Full diff: https://github.com/llvm/llvm-project/pull/168954.diff

2 Files Affected:

• (modified) clang/lib/StaticAnalyzer/Core/BugSuppression.cpp (+6-1)
• (modified) clang/test/Analysis/suppression-attr.cpp (+24-1)

diff --git a/clang/lib/StaticAnalyzer/Core/BugSuppression.cpp b/clang/lib/StaticAnalyzer/Core/BugSuppression.cpp
index 5b5f9df9cb0dc..a7300b7183590 100644
--- a/clang/lib/StaticAnalyzer/Core/BugSuppression.cpp
+++ b/clang/lib/StaticAnalyzer/Core/BugSuppression.cpp
@@ -117,7 +117,12 @@ class CacheInitializer : public DynamicRecursiveASTVisitor {
     }
   }
 
-  CacheInitializer(Ranges &R) : Result(R) {}
+  CacheInitializer(Ranges &R) : Result(R) {
+    ShouldVisitTemplateInstantiations = true;
+    ShouldWalkTypesOfTypeLocs = false;
+    ShouldVisitImplicitCode = false;
+    ShouldVisitLambdaBody = true;
+  }
   Ranges &Result;
 };
 
diff --git a/clang/test/Analysis/suppression-attr.cpp b/clang/test/Analysis/suppression-attr.cpp
index 89bc3c47dbd51..9ba56d976fddb 100644
--- a/clang/test/Analysis/suppression-attr.cpp
+++ b/clang/test/Analysis/suppression-attr.cpp
@@ -1,4 +1,27 @@
-// RUN: %clang_analyze_cc1 -analyzer-checker=core -verify %s
+// RUN: %clang_analyze_cc1 -analyzer-checker=core,debug.ExprInspection -verify %s
+
+void clang_analyzer_warnIfReached();
+
+struct Clazz {
+  template <typename T>
+  static void templated_memfn();
+};
+
+// This must come before the 'templated_memfn' is defined!
+static void instantiate() {
+  Clazz::templated_memfn<int>();
+}
+
+template <typename T>
+void Clazz::templated_memfn() {
+  // When we report a bug in a function, we traverse the lexical decl context
+  // of it while looking for suppression attributes to record what source
+  // ranges should the suppression apply to.
+  // In the past, that traversal didn't follow template instantiations, only
+  // primary templates.
+  [[clang::suppress]] clang_analyzer_warnIfReached(); // no-warning
+
+}
 
 namespace [[clang::suppress]]
 suppressed_namespace {

[github-actions]

🐧 Linux x64 Test Results

• 111350 tests passed
• 4431 tests skipped

[ziqingluo-90]

The fix LGTM.
I have one question for learning about how BugSuppression works though.

[ziqingluo-90]

I'm trying to understand how BugSuppression works:
The bug is at the clang_analyzer_warnIfReached() call so the decl context being visited is the instantiated definition of Clazz::templated_memfn<int>() {...}. During visiting, the analyzer will find that the call expression has the attribute.
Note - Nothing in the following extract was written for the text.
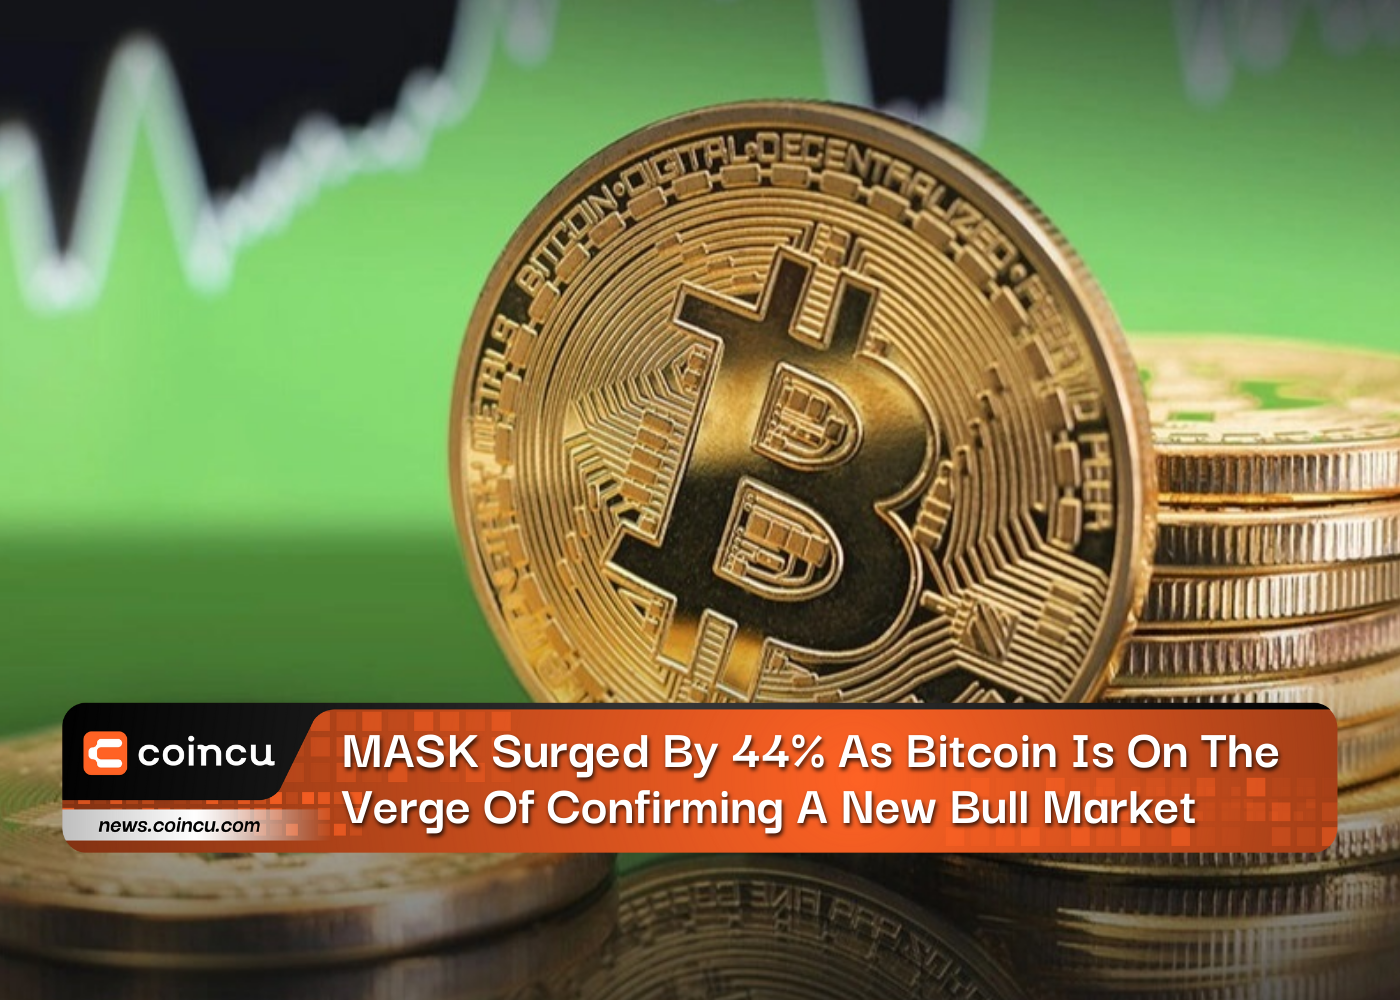 MASK Surged By 44% As Bitcoin Is On The Verge Of Confirming A New Bull Market

What would happen if I move [[clang::suppress]] to line 12: [[clang::suppress]] Clazz::templated_memfn<int>();?

[steakhal]

I'm trying to understand how BugSuppression works: The bug is at the clang_analyzer_warnIfReached() call so the decl context being visited is the instantiated definition of Clazz::templated_memfn<int>() {...}. [...]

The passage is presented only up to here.